Following neighborhood determination, we calculate point features and determine the clusters in the feature space. We adapt a graph 
representation from image processing which is especially used in pixel labeling problems and establish it for the unstructured 3-D 
point clouds. The edges of the graph that are connecting the points with each other and nodes representing feature clusters hold the 
smoothness costs in the spatial domain and data costs in the feature domain. Smoothness costs ensure spatial coherence, while data 
costs control the consistency with the representative feature clusters. This graph representation formalizes the segmentation task as 
an energy minimization problem. It allows the implementation of an approximate solution by min-cuts for a global minimum of this 
NP hard minimization problem in low order polynomial time. We test our method with airborne lidar point cloud acquired with 
maximum planned post spacing of 1.4 m and a vertical accuracy 10.5 cm as RMSE. We present the effects of neighborhood and 
feature determination in the segmentation results and assess the accuracy and efficiency of the implemented min-cut algorithm as 
well as its sensitivity to the parameters of the smoothness and data cost functions. We find that smoothness cost that only considers 
simple distance parameter does not strongly conform to the natural structure of the points. Including shape information within the 
energy function by assigning costs based on the local properties may help to achieve a better representation for segmentation. 
1. INTRODUCTION 
1.1. Motivation 
Lidar (light detection and ranging) is considered as one of the 
most important data acquisition technologies introduced for 
geospatial data acquisition lately (Petrie and Toth, 2009) and is 
progressively utilized for remote sensing of the Earth. This 
rapidly advancing technology quickly attracted interest for a 
variety of applications due to the dense point coverage (Filin 
and Pfeifer 2005). Pulse repetition rates, hence point densities 
have been increasing with new sensors and data acquisition 
techniques. However, the requirements of most applications go 
beyond the raw point locations. 
Applications usually require extensive processing of point 
cloud for extracting information on the features of interest to 
derive the final product (Biosca and Lerma, 2008; Vosselman et 
al., 2004). Analysis options with a set of unstructured 3D points 
are limited (Biosca and Lerma, 2008). Apart from the fact that 
the point data are noisy and not perfectly sampled, lidar 
acquisitions may also have poor sampling for almost vertical 
scans (Golovinsky and Funkhouser, 2009). The assumption of 
smooth surfaces and homogeneity does not perfectly hold for 
airborne lidar data as well as outdoor terrestrial and mobile 
acquisitions or their combinations. 
For effective extraction of required information from the 
unstructured 3D point cloud some level of organization is 
usually employed (Filin and Pfeifer, 2005). Such organization 
is usually achieved by labeling each point in the point cloud in 
a way that the points which are part of the same surface or 
region are labeled the same (Rabbani et al, 2006). Image 
segmentation methods have naturally been adapted to process 
2.5-D lidar range images. Convenience of implementing well 
studied algorithms established for image segmentation allowed 
lidar analysts and researchers to develop very useful methods 
and techniques for lidar range image analysis. However, 
analyzing lidar data as range images limits the possibilities of 
fully exploiting the 3-D nature of the lidar acquisition 
technology. We focus our efforts for the segmentation of point 
clouds following the track of algorithms which deal with 3-D 
point coordinates instead of 2.5-D range images. 

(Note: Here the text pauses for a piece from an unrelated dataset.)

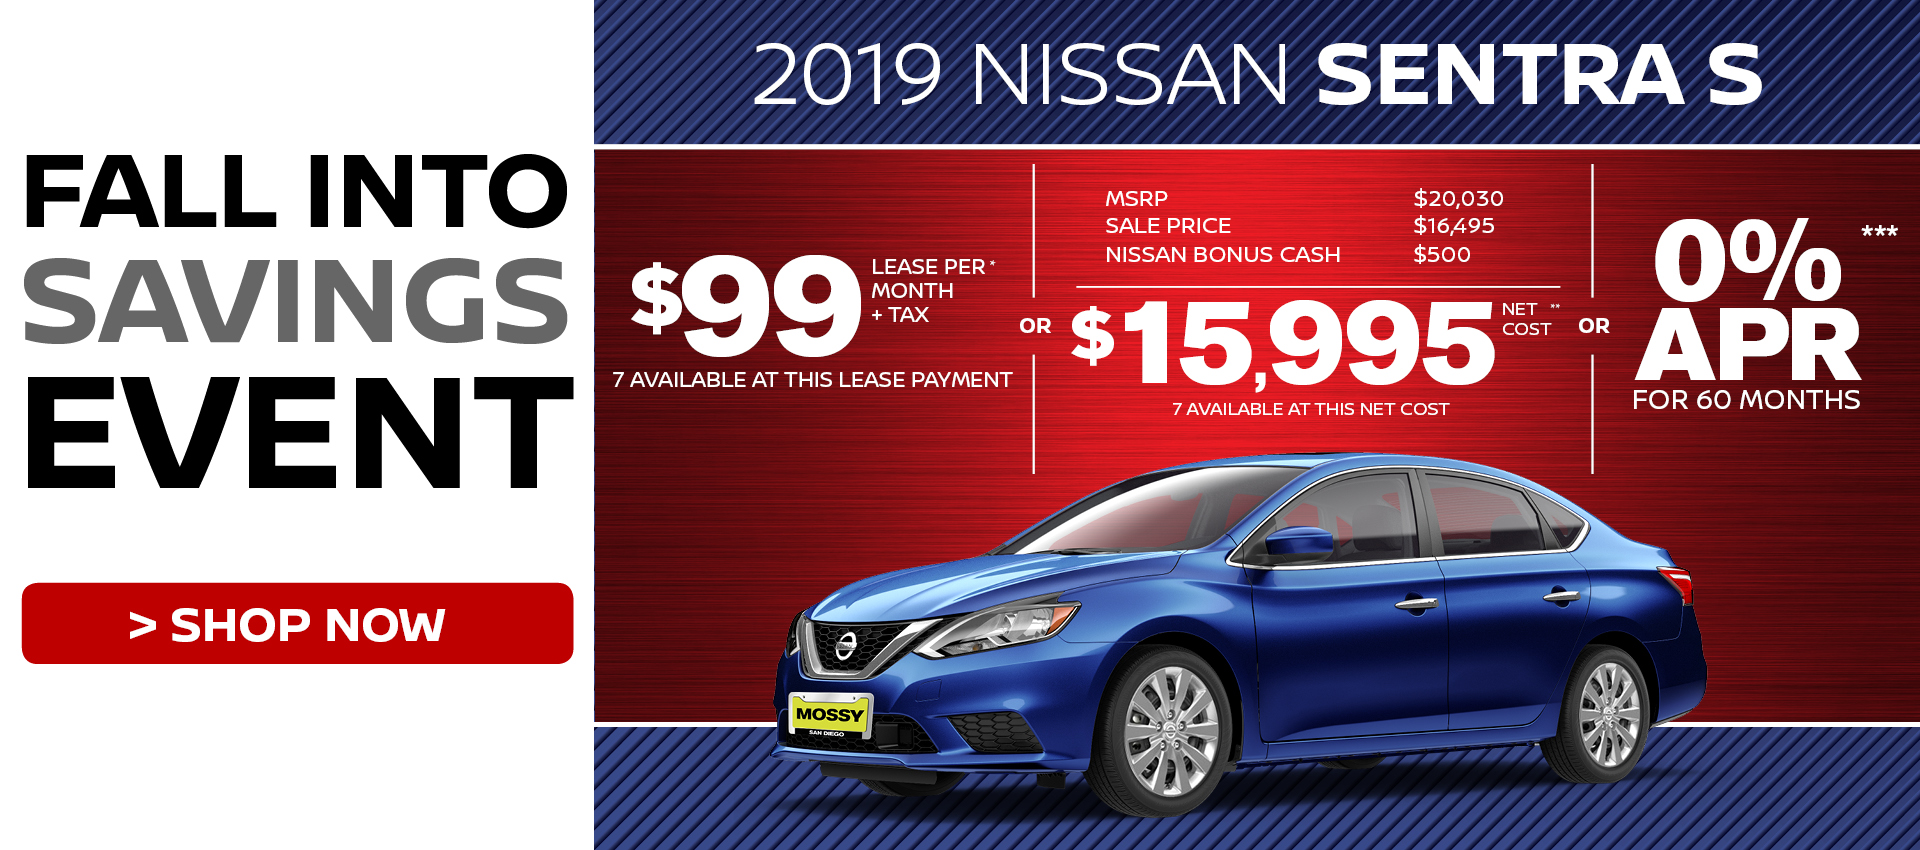 New & Used Nissan Dealer Serving San Diego, Carlsbad, Vista

In a good segmentation, segments are expected to be in 
accordance with the actual objects. Several aspects of point 
cloud segmentation are of fundamental importance to achieve 
such conformance. These include to local neighborhood of the 
points, scale, and features that represent the properties of a 
point's local neighborhood. 
In this study, we adapt a graph representation from image 
processing which is used in pixel labeling problems and 
configure it for the unstructured point clouds. Particularly, we 
implement a min-cut based method of Boykov et. al. (2001) for 
the segmentation of the point cloud. We first determine a local 
neighborhood for each point by detecting the jumps in the 
change of surface variation as the neighborhood gets larger. 
Following neighborhood determination, we calculate point 
features that help to identify whether the point is from a 2-D or 
3-D manifold. Then we perform a segmentation of the point 
cloud with a min-cut algorithm using this feature vector and 
model the surface and scattered points. Once the data models 
are established for surface and scattered points, we label each 
point either as surface or scatter with the graph-cut optimization 
algorithm. We form a second feature vector and carry out a 
segmentation of the points labeled as surface.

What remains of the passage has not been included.